(SUPPLIED INFORMATION):
----
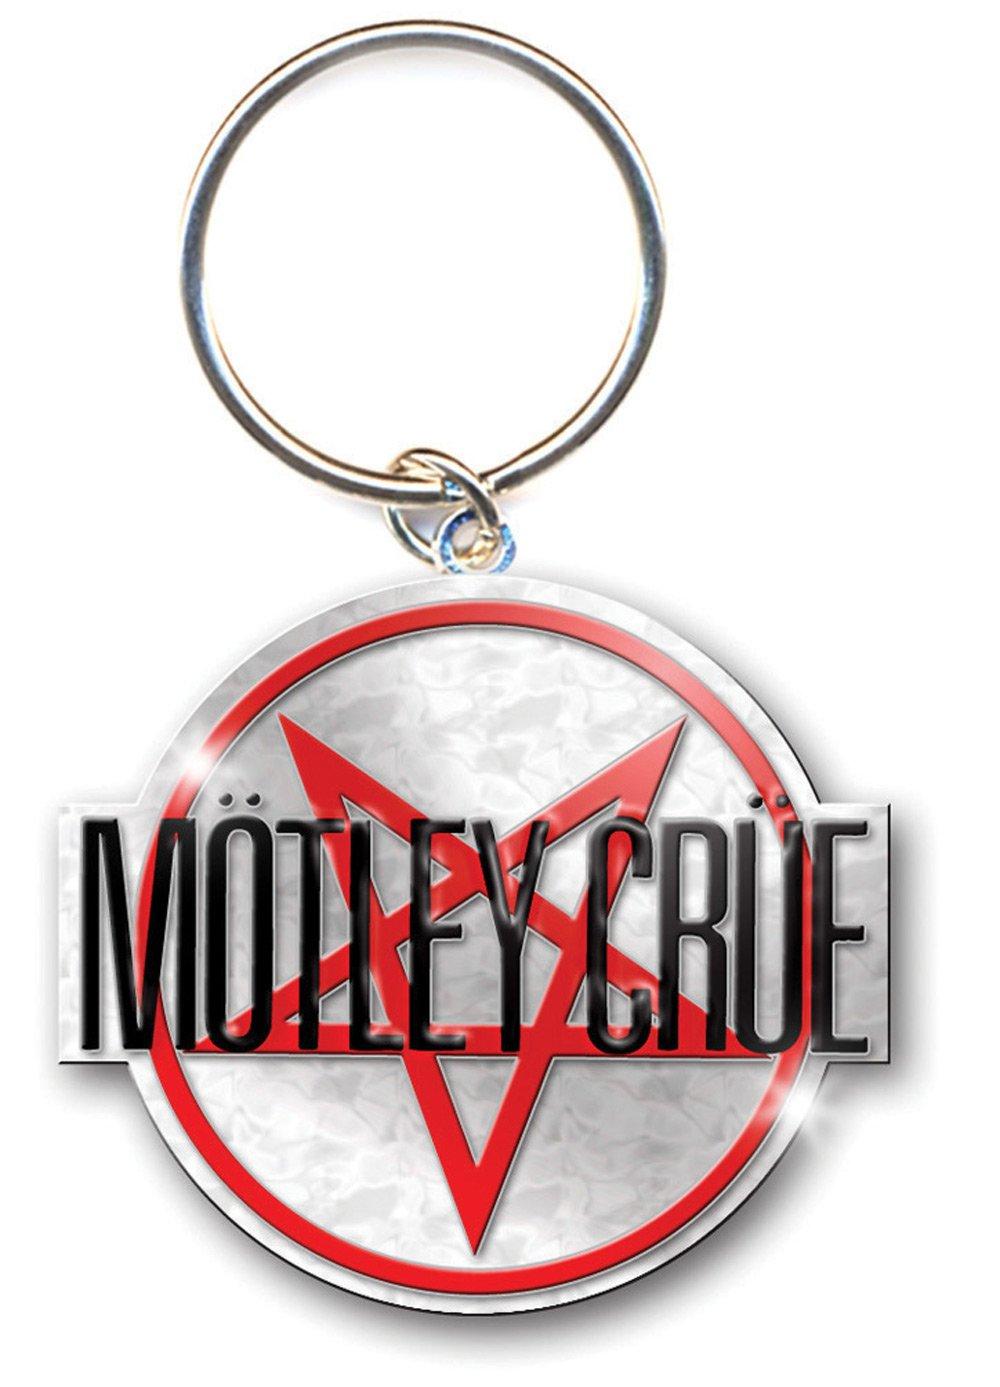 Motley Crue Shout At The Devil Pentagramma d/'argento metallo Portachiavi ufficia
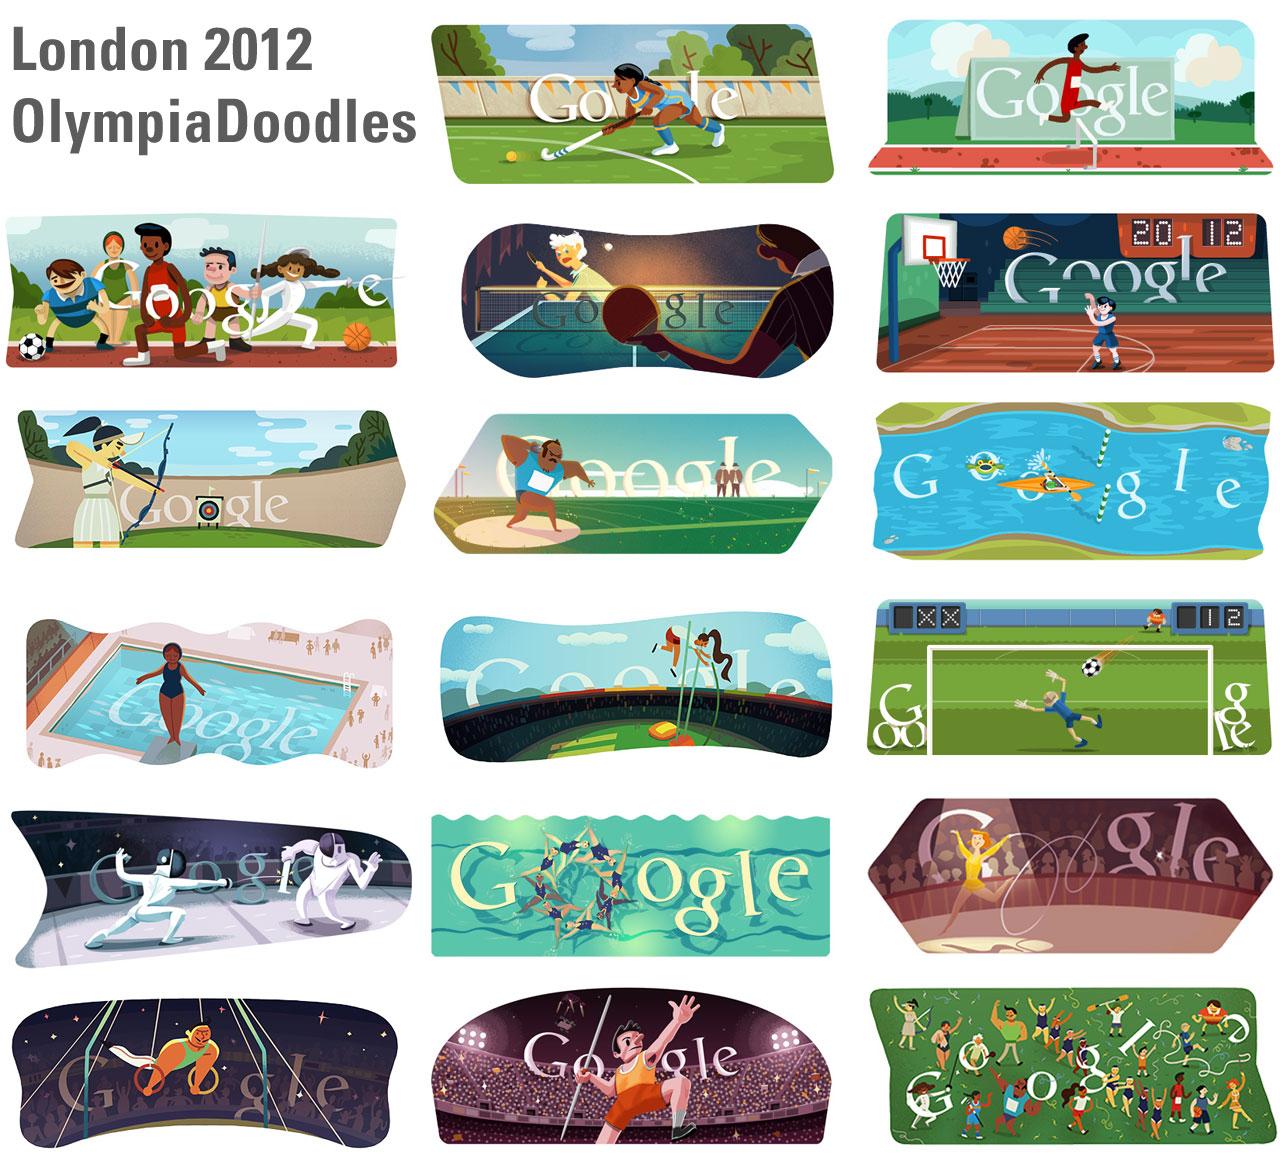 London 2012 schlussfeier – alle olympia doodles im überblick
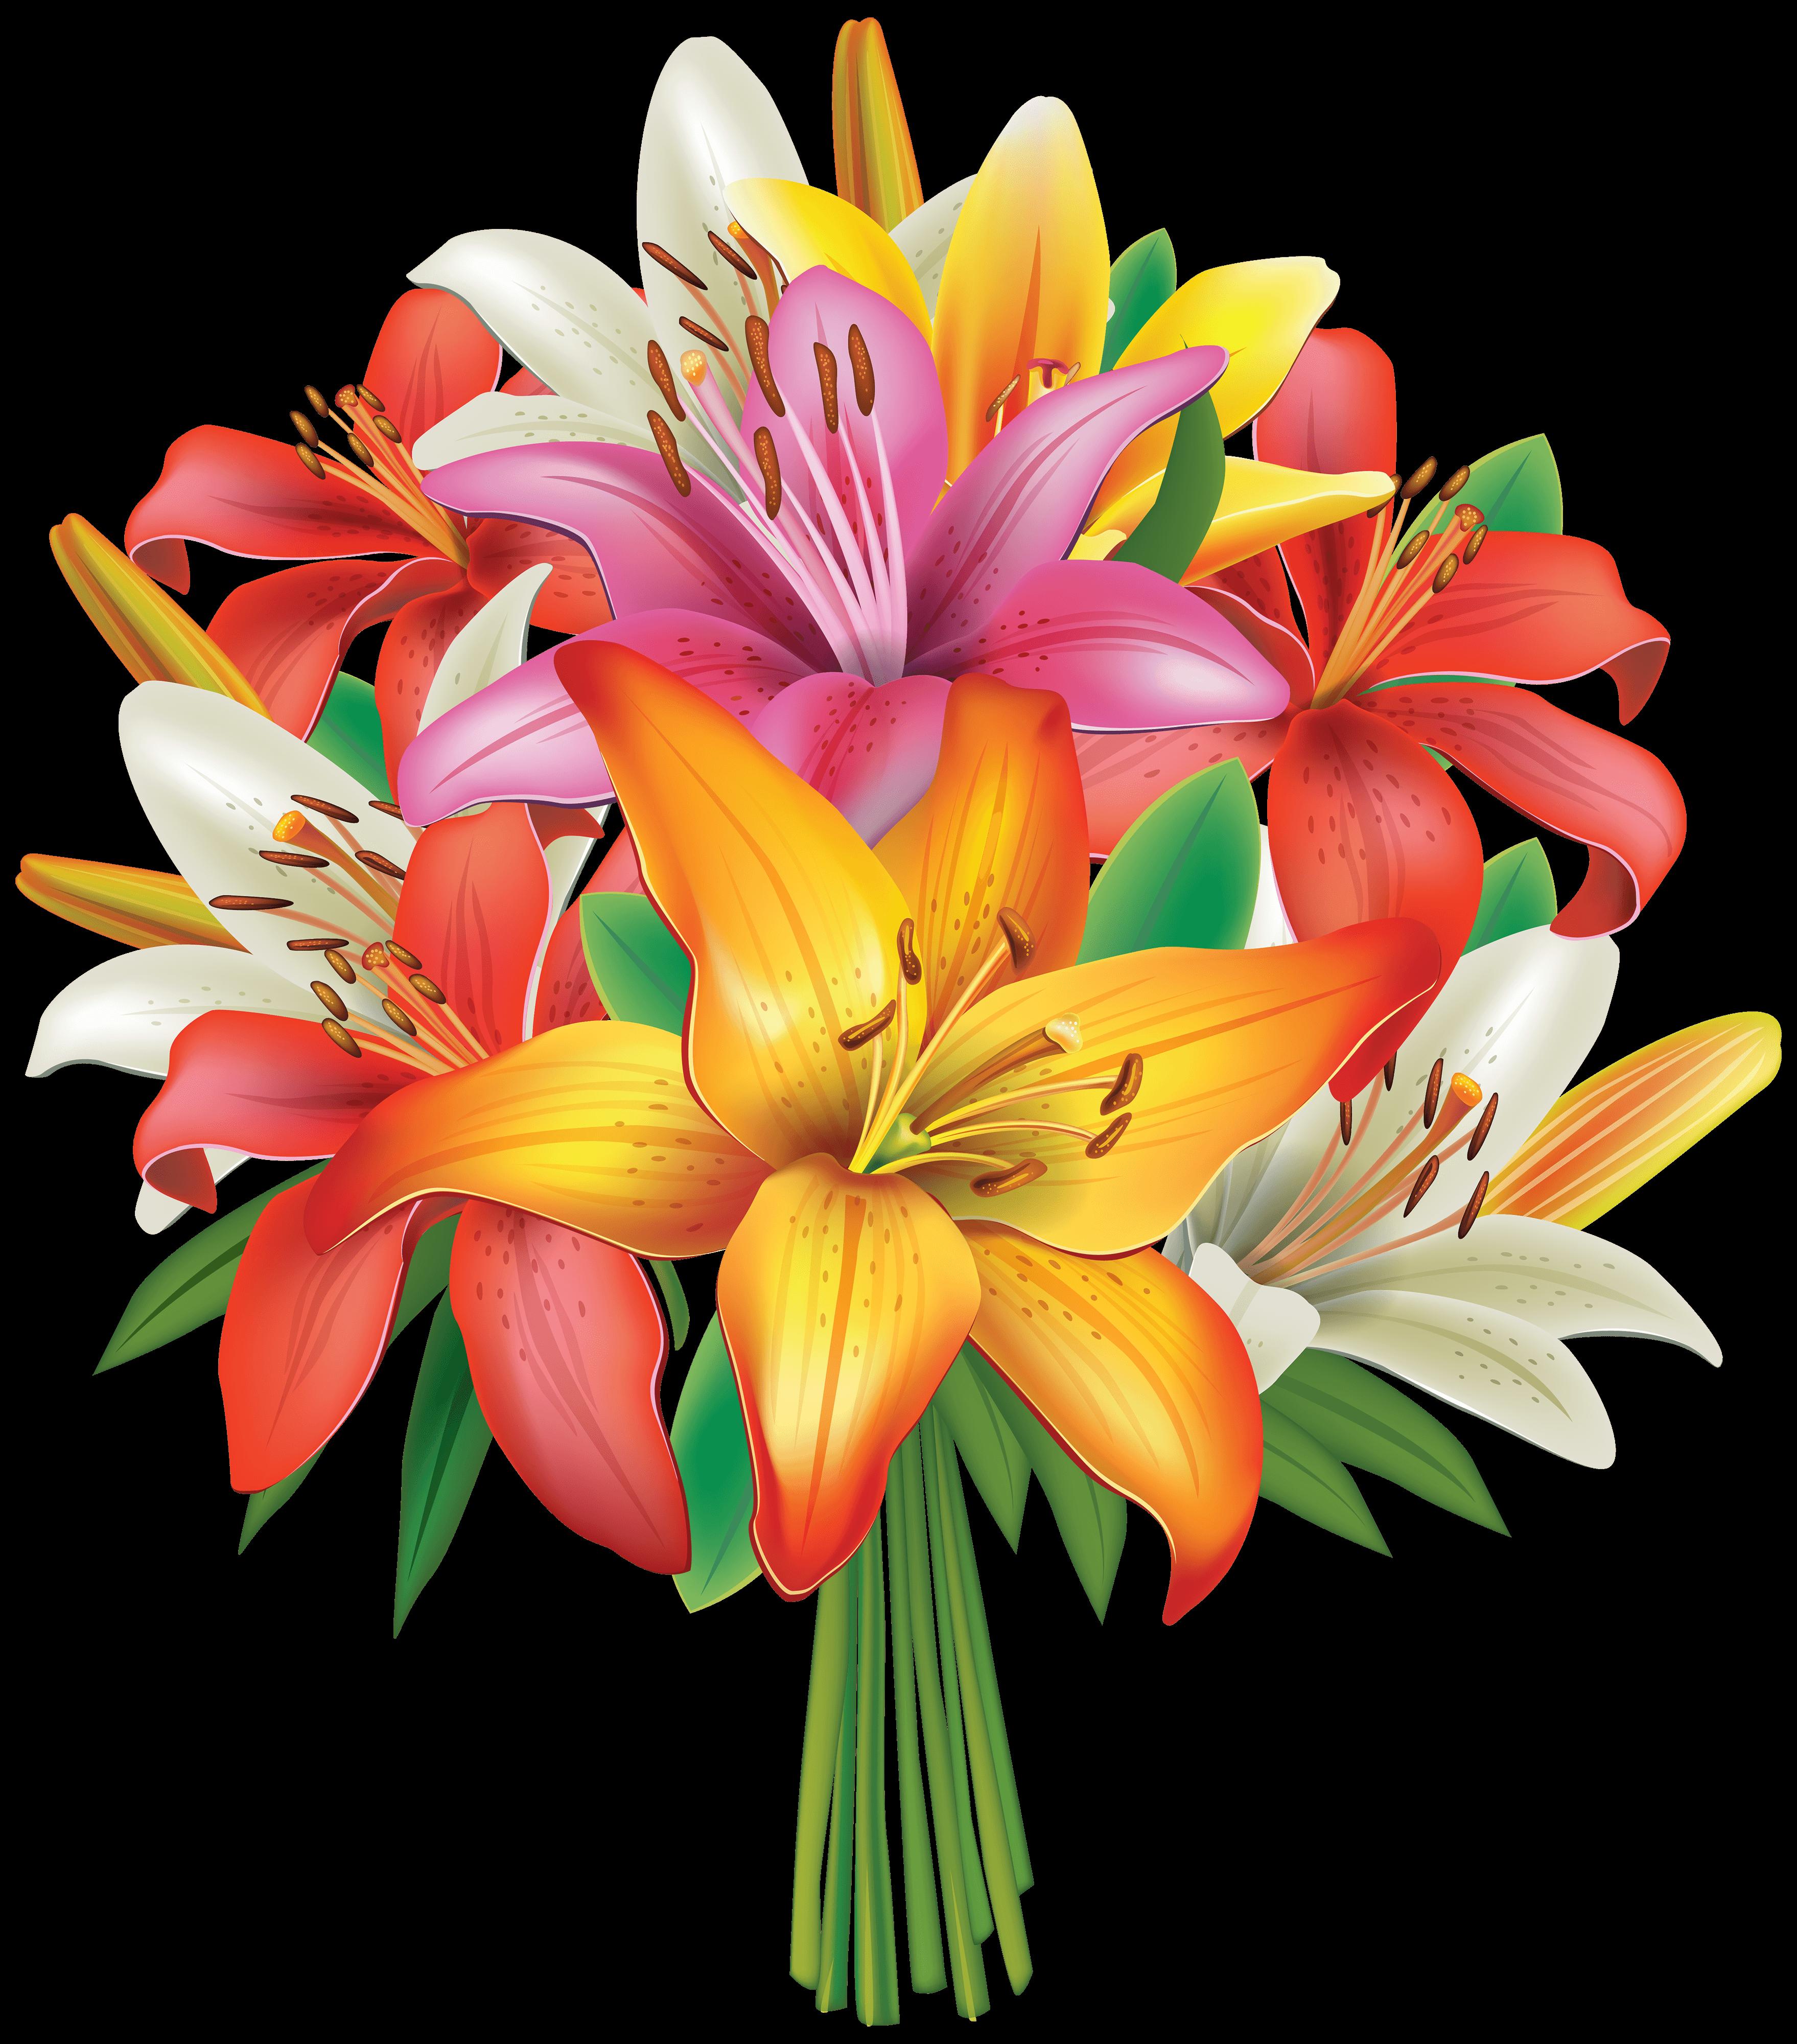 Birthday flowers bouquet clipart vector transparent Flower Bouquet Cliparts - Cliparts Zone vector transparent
----
Reproduce the material word for word, pictures excluded.

 Motley Crue Shout At The Devil Pentagramma d/'argento metallo Portachiavi ufficia
 London 2012 schlussfeier – alle olympia doodles im überblick
 Birthday flowers bouquet clipart vector transparent Flower Bouquet Cliparts - Cliparts Zone vector transparent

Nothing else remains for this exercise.